I think there is a wrong assumption of yours, explaining it all…
You seemingly assume there is a guarantee that A* gives a result where the path touches the same triangles we would get from a intersection test. And this we could call an optimal path. But that's not what path finding algorithms are doing. They ignore geometry and only minimize the edge cost we refer with edges.
You surely know this old problem, where both paths have equal cost and are thus optimal to an algorithm like Dijkstra, if we do not allow it to make diagonal moves in a grid:
Now, i assume A* gives the green line always because of its additional euclidean distance heuristic, but i'm sure we can easily construct a 2D mesh where it would fail to find all those optimally intersected triangles.
SandSnip3r said: First, I do expect that an optimal path should be able to be found. My goal is to find this optimal corridor and then use a funnel algorithm afterwards. My main problem is that I know that I'm finding the wrong corridor and I think that the given algorithm in the linked thesis should be finding the optimal corridor.

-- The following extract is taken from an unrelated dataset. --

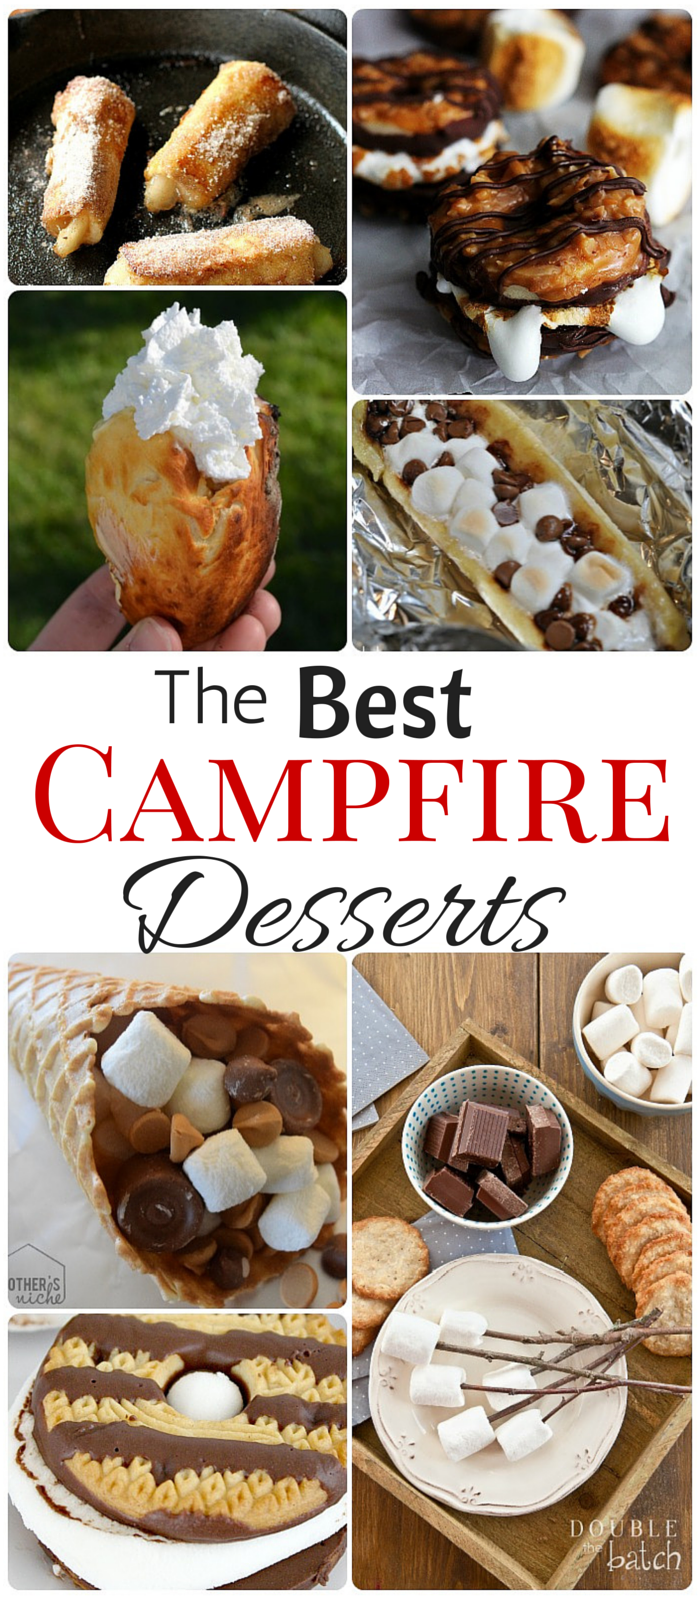 Best Campfire Desserts Easy Camping Dessert Reipes Smores

Your plan should work, but if it's about corridors mainly, maybe using the polygons as graph nodes would be better. Because this way it's guaranteed those corridors are connected:
The green approach could not find this illegal path, because the dashed edge does not exist. (not really an argument, but maybe it's more intuitive this way.)

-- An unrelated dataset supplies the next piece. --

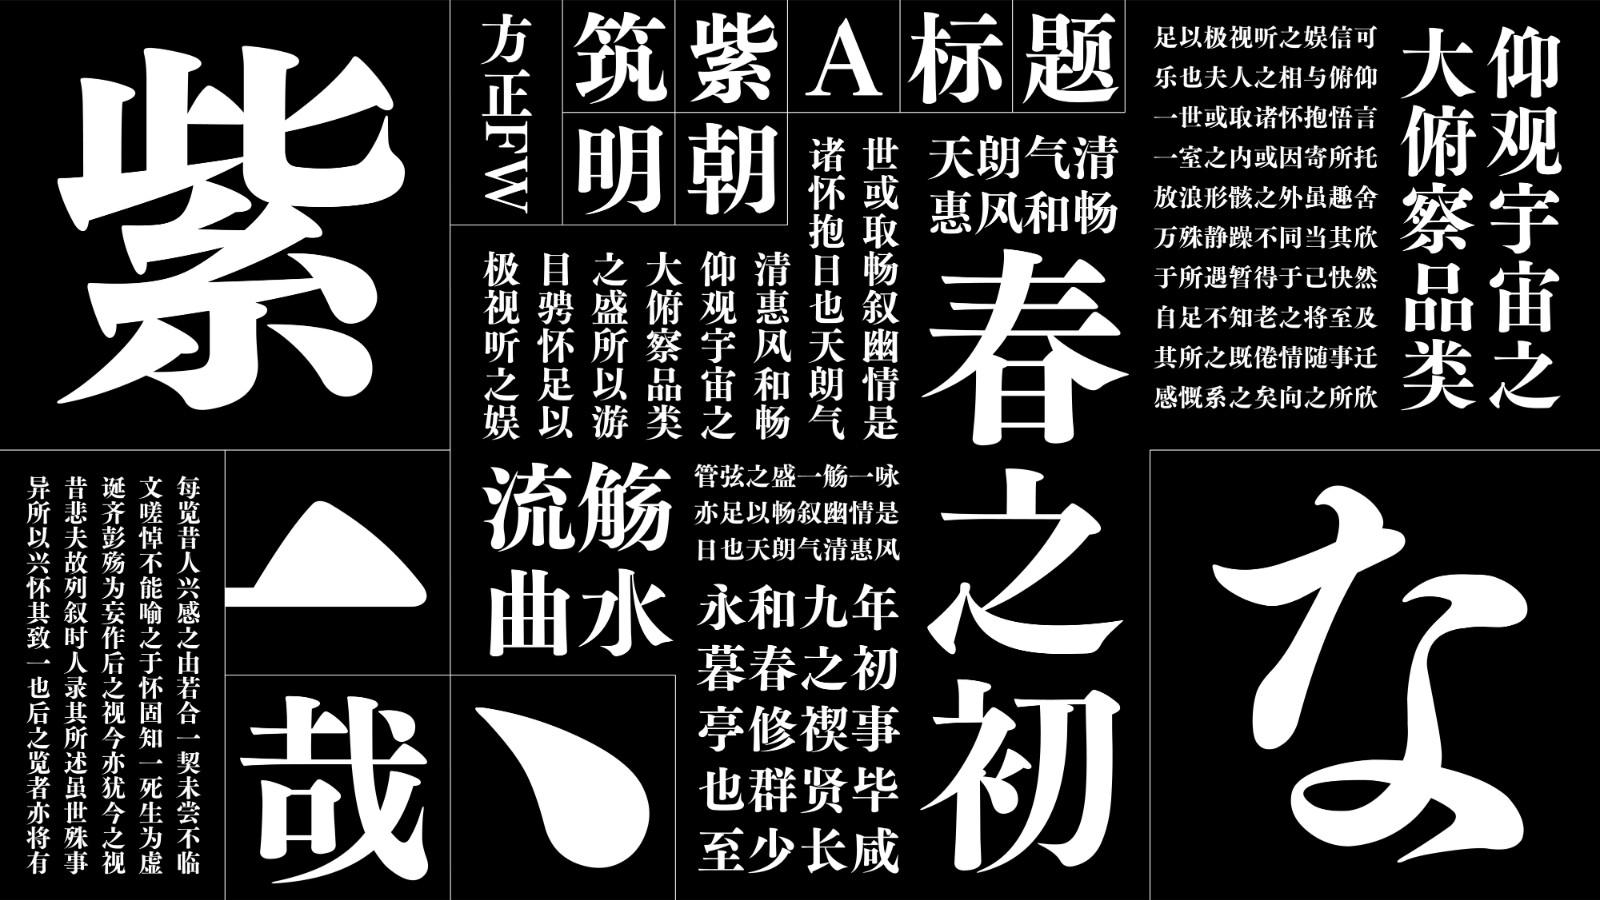 https://ft-bk1.oss-cn-zhangjiakou.aliyuncs.com/Public/Uploads/img/n_content_20201210175728_7064.jpg

SandSnip3r said: I'll assume that you've looked at this single mentioned page of the linked thesis
No - i know nothing about A* and would need to start with basics first. So i can not really help.
My nodes are a structure which is the triangle combined with the edge through which this triangle was entered.
But then you are already using triangles as nodes, not vertices. : )
Terminolgy is hard. E.g., in graph algorithms it's common to call nodes ‘vertices’ in any case, even if they come from triangles of a mesh.
My guess is the paper tries to get the best out of tweaking heuristics by looking at real geometry, which the graph itself does not know about. How much this is ‘optimal’ depends surely on definition of that term. For example, on a 3D mesh i can not use A* at all because euclidean distance can not describe the multiple local minima real geodesic distance has. To have fast path finding for complex game worlds, surely there's a of of trickery and extra data involved. One could for example parametrize the nav mesh to multiple separated domains to make A* work. That's a similar problem like making automatic UV charts for a mesh.